Not a lot to chat about and much to do today so I’m going to jump right into the Story of the Week, featuring a prompt provided by Elijah, a Barnes & Noble customer I met at a prior bookstore event. Kudos also go out to novelist Mike Latta for a superb editing suggestion he sent that I think made a huge difference to the final version of this week’s tale.

          Zero to Sixty in a Flash

Fred hated car shopping. The otherwise mild-mannered accountant would snap like a twig as soon as the manipulation began.

So the instant that Jaxon, the slick salesman said, “Let me go talk to my boss,” Fred exploded.

“Right.

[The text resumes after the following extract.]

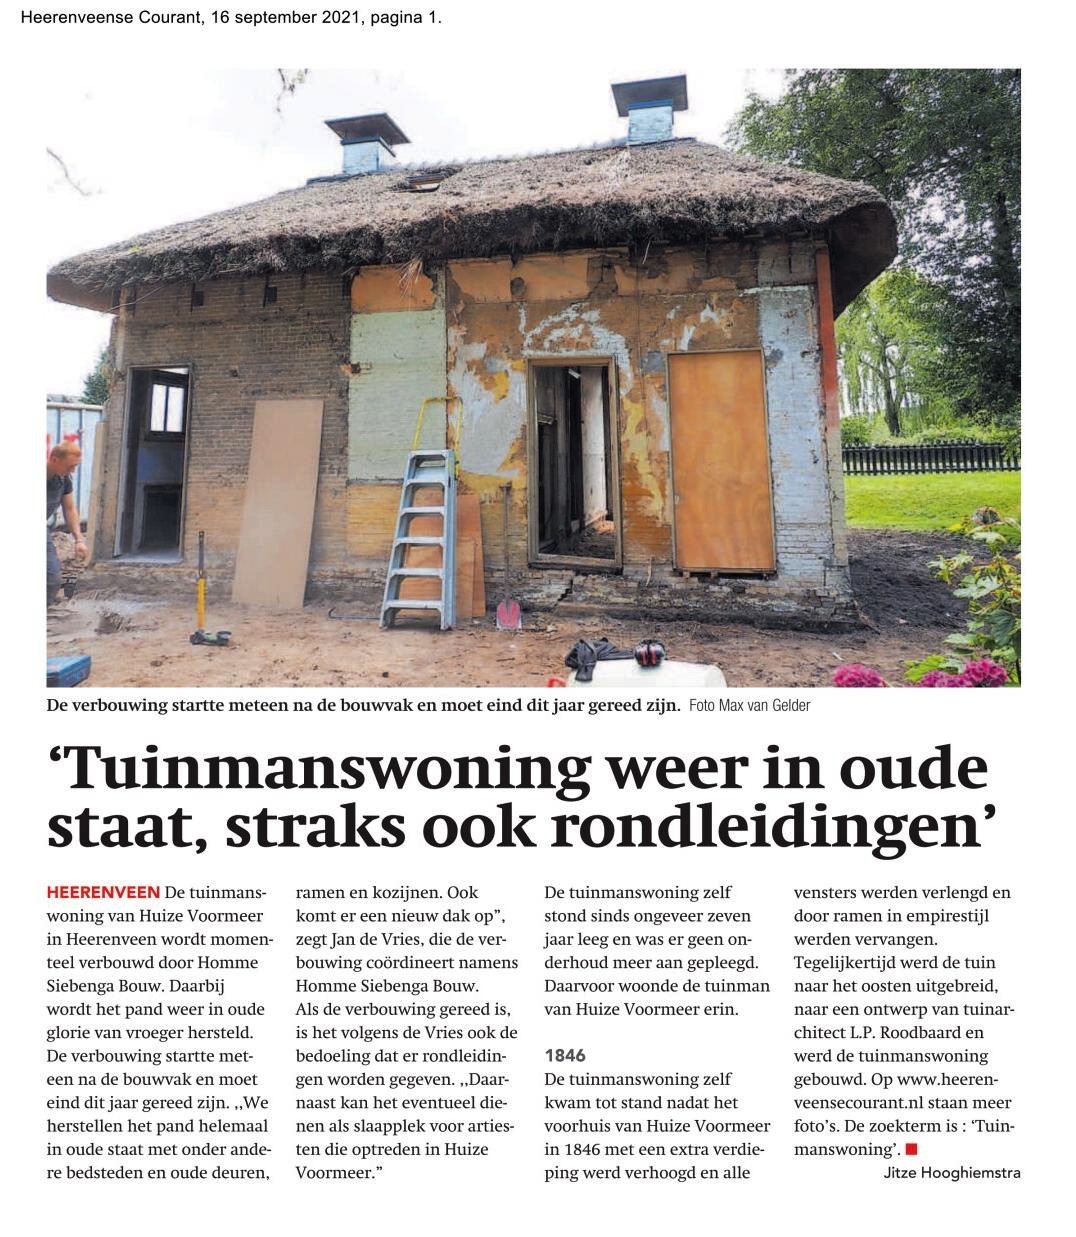 9941 2021 09 16 Tuinmanswoning weer in oude staat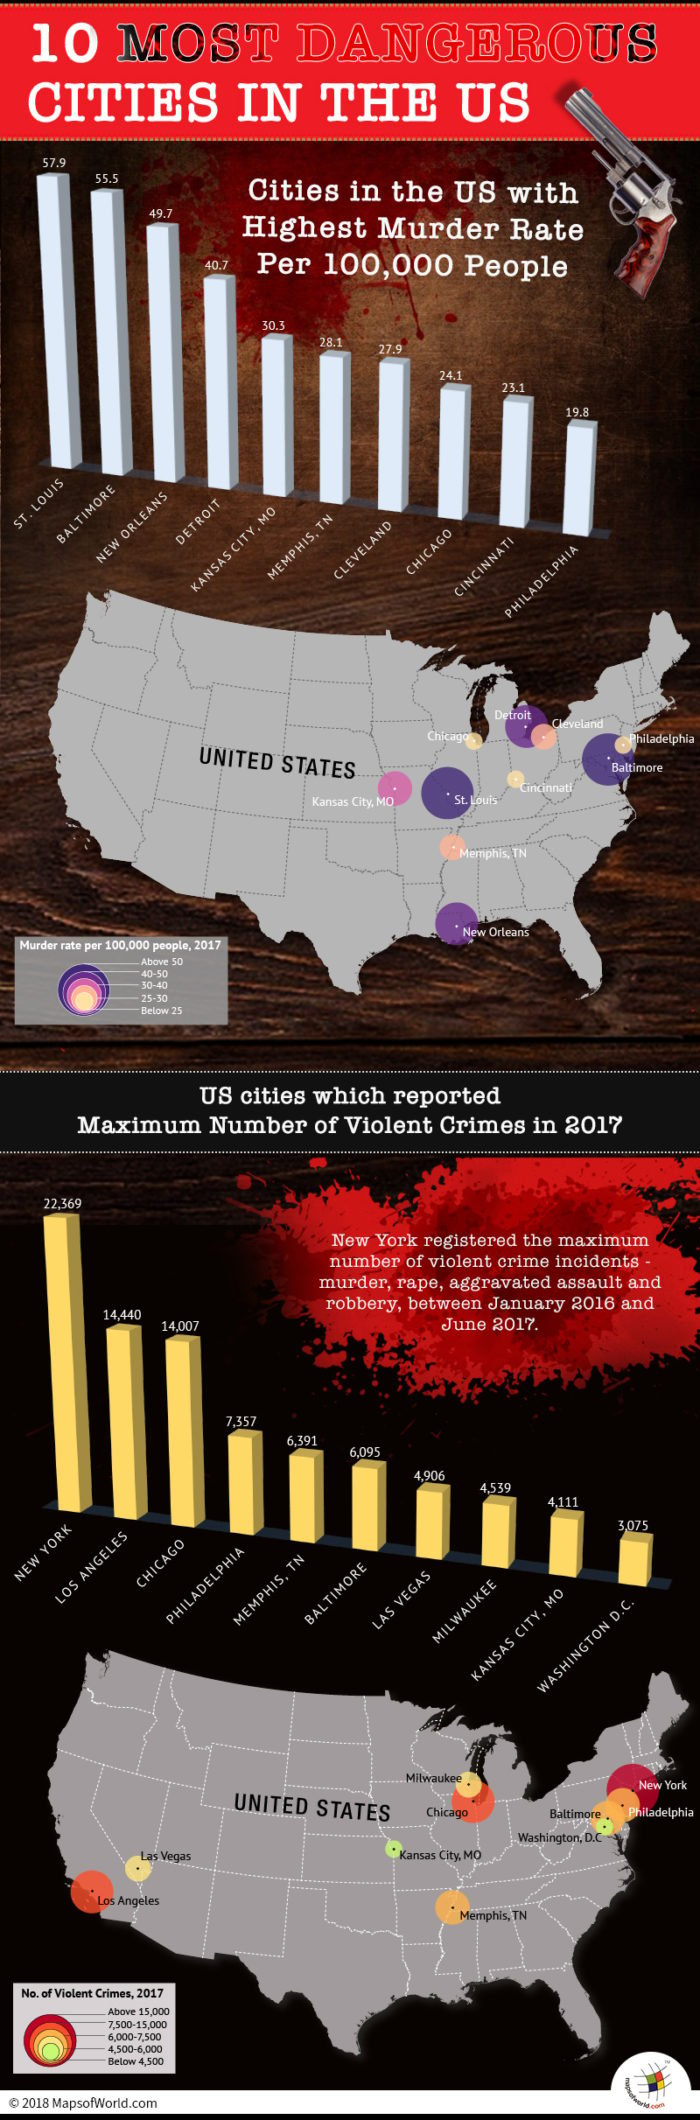 What are Ten Most Dangerous Cities in the US? Answers

You walk out and then come back with ‘the manager says we can’t go any lower.’ You guys are crooks.”

Jaxon nodded. “We know your type,” Jaxon smirked. “We call you guys customers who will never get the $1,000 rebate that we offer stable people.”

“You got a shorter name for people who apologize?”

“Yep. We call ‘em ‘gullible.’ Congrats on your purchase!”

Prompt: Crazy Mad

Two quick items: First, I almost accidentally repeated last week’s mistake in my 101-word story writing. Once again, I grabbed a prompt from my inventory, took Scooter (the pandemic puppy) out on a walk and began brainstorming my idea. I had a pretty good story idea. I know this was the case because it was an equally great idea a year earlier when I wrote the first version. This one was going to be better, but when I got back home and found the original, I trashed the new one. Oh well. If reading this tragic tale felt like a colossal waste of time, let me make it up to you with Scooter’s four-year-old birthday post from last week’s Facebook page.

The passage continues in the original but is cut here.